### [What needs to be done]
An exact restatement of the data below, with the pictures removed, is the required answer.

### [Given material]
........

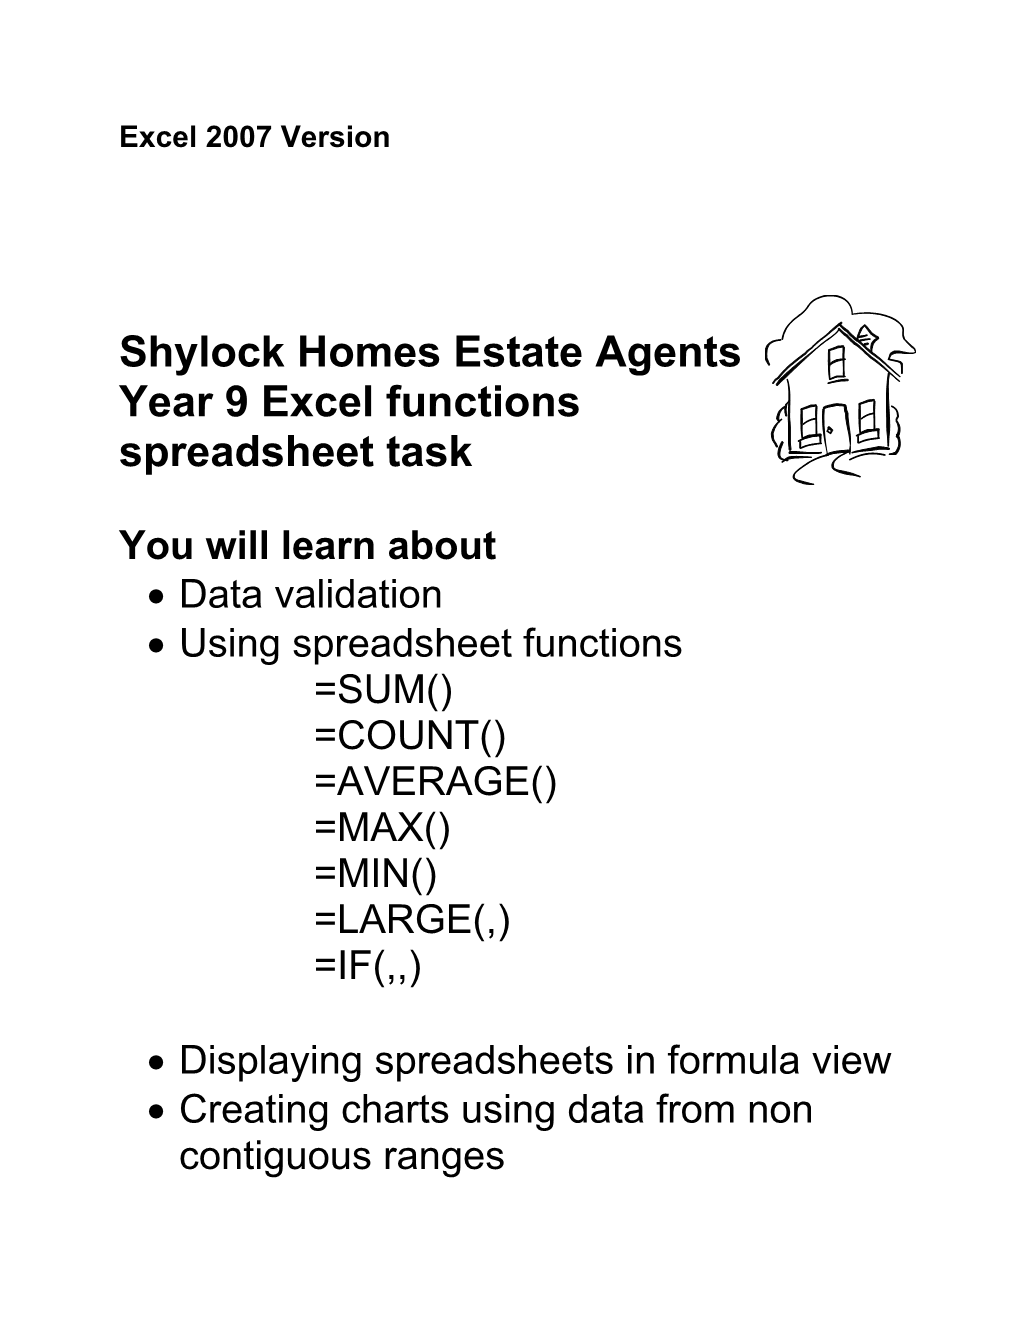 This Exercise Is About a Firm of Estate Agents Who Use a Spreadsheet to Show the Values
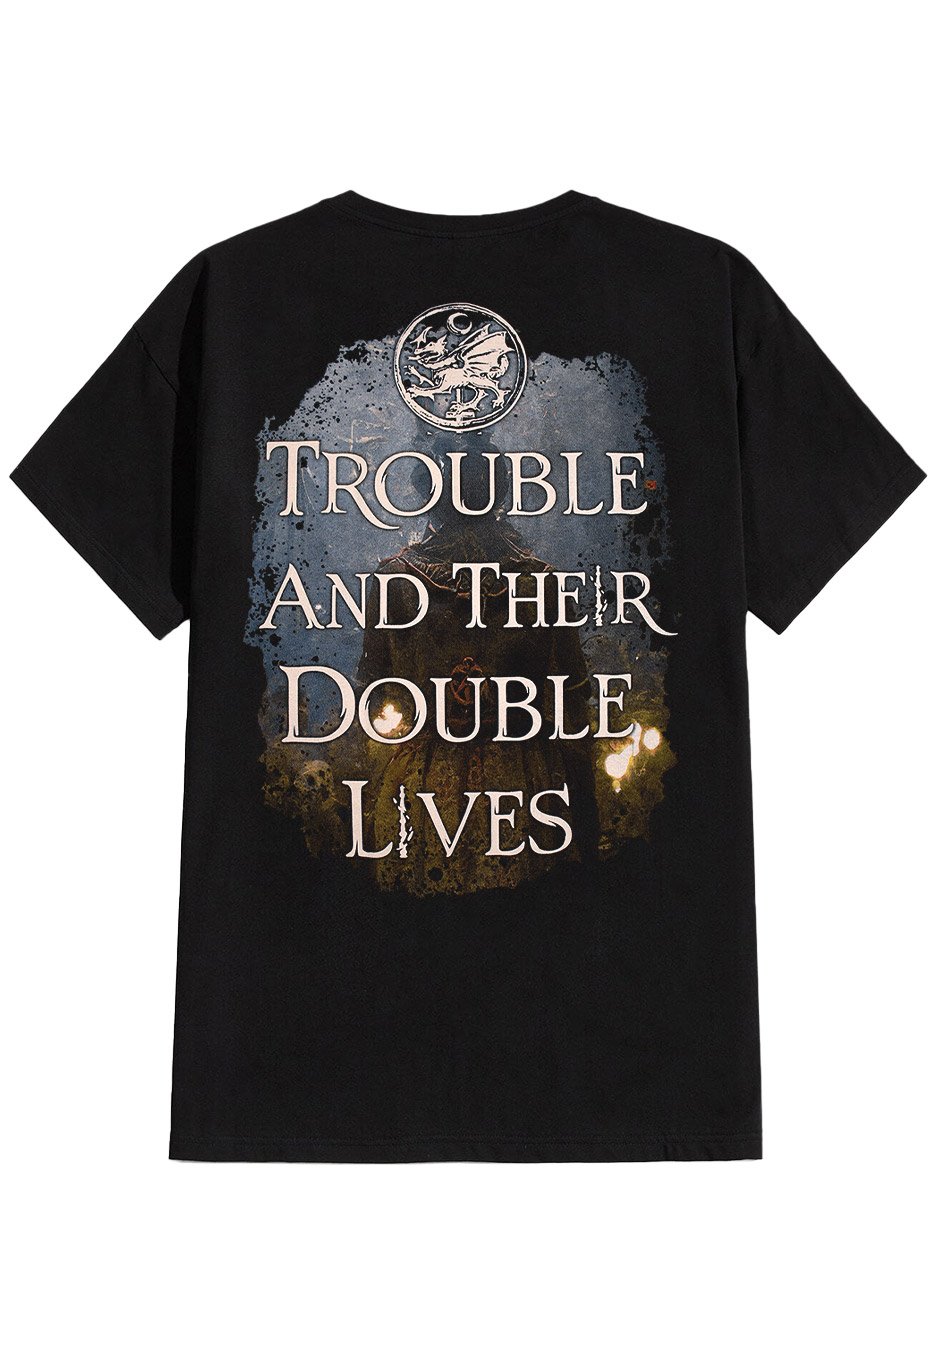 Cradle Of Filth - Trouble And Their Double Lives - T-Shirt
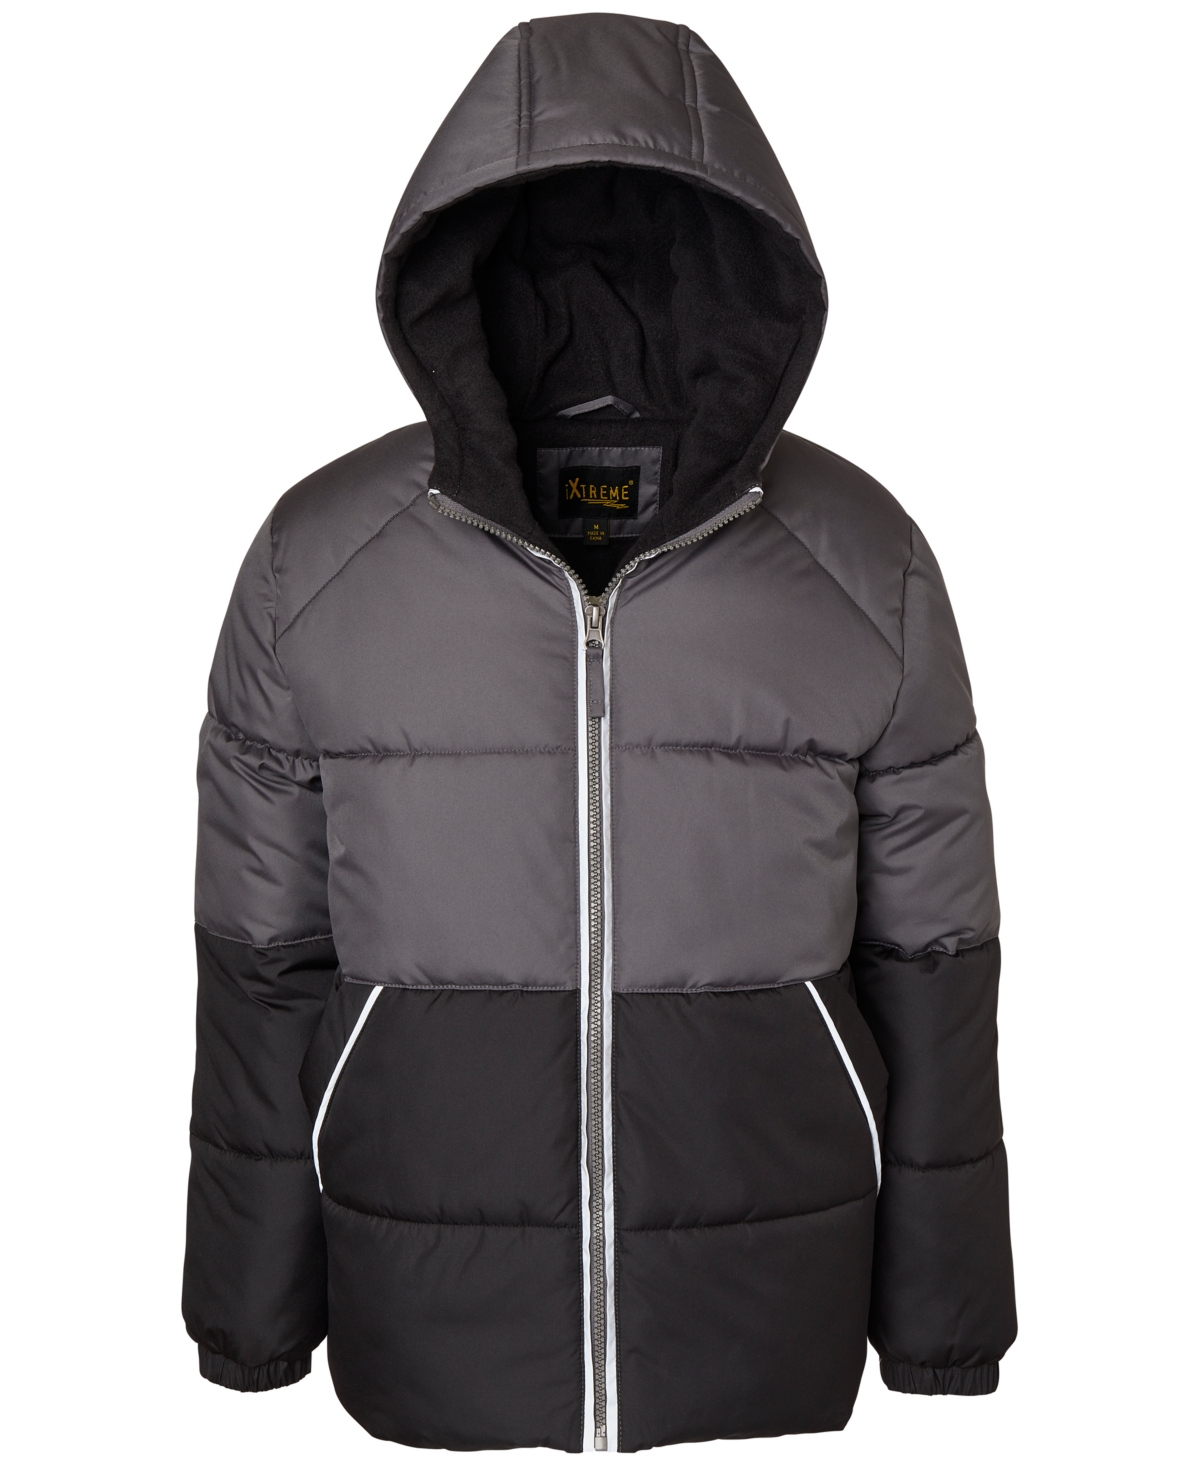 Wippette Ixtreme Big Boys Oxford Hooded Puffer Jacket In Black
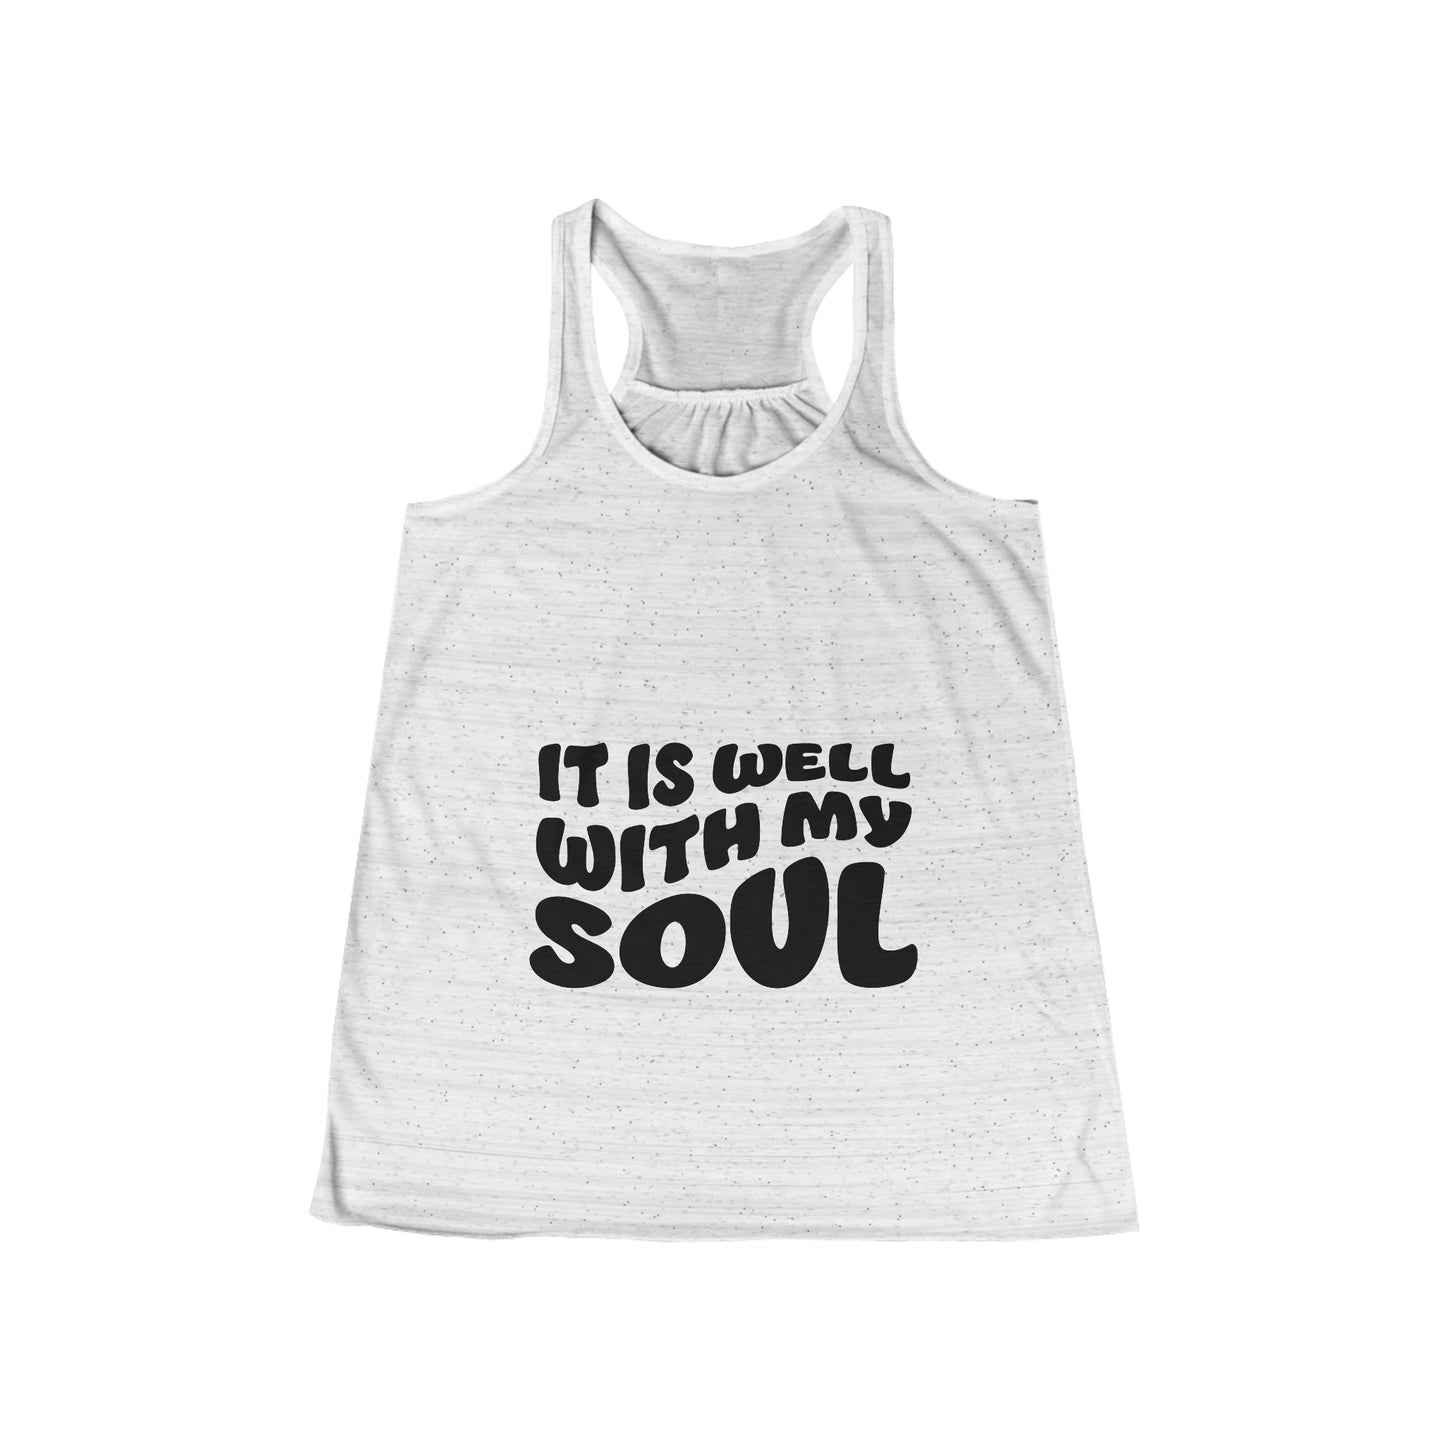 Well With my Soul Tank - B

........

### [Answer to this exercise]
 This Exercise Is About a Firm of Estate Agents Who Use a Spreadsheet to Show the Values
 Cradle Of Filth - Trouble And Their Double Lives - T-Shirt
 Wippette Ixtreme Big Boys Oxford Hooded Puffer Jacket In Black
 Well With my Soul Tank - B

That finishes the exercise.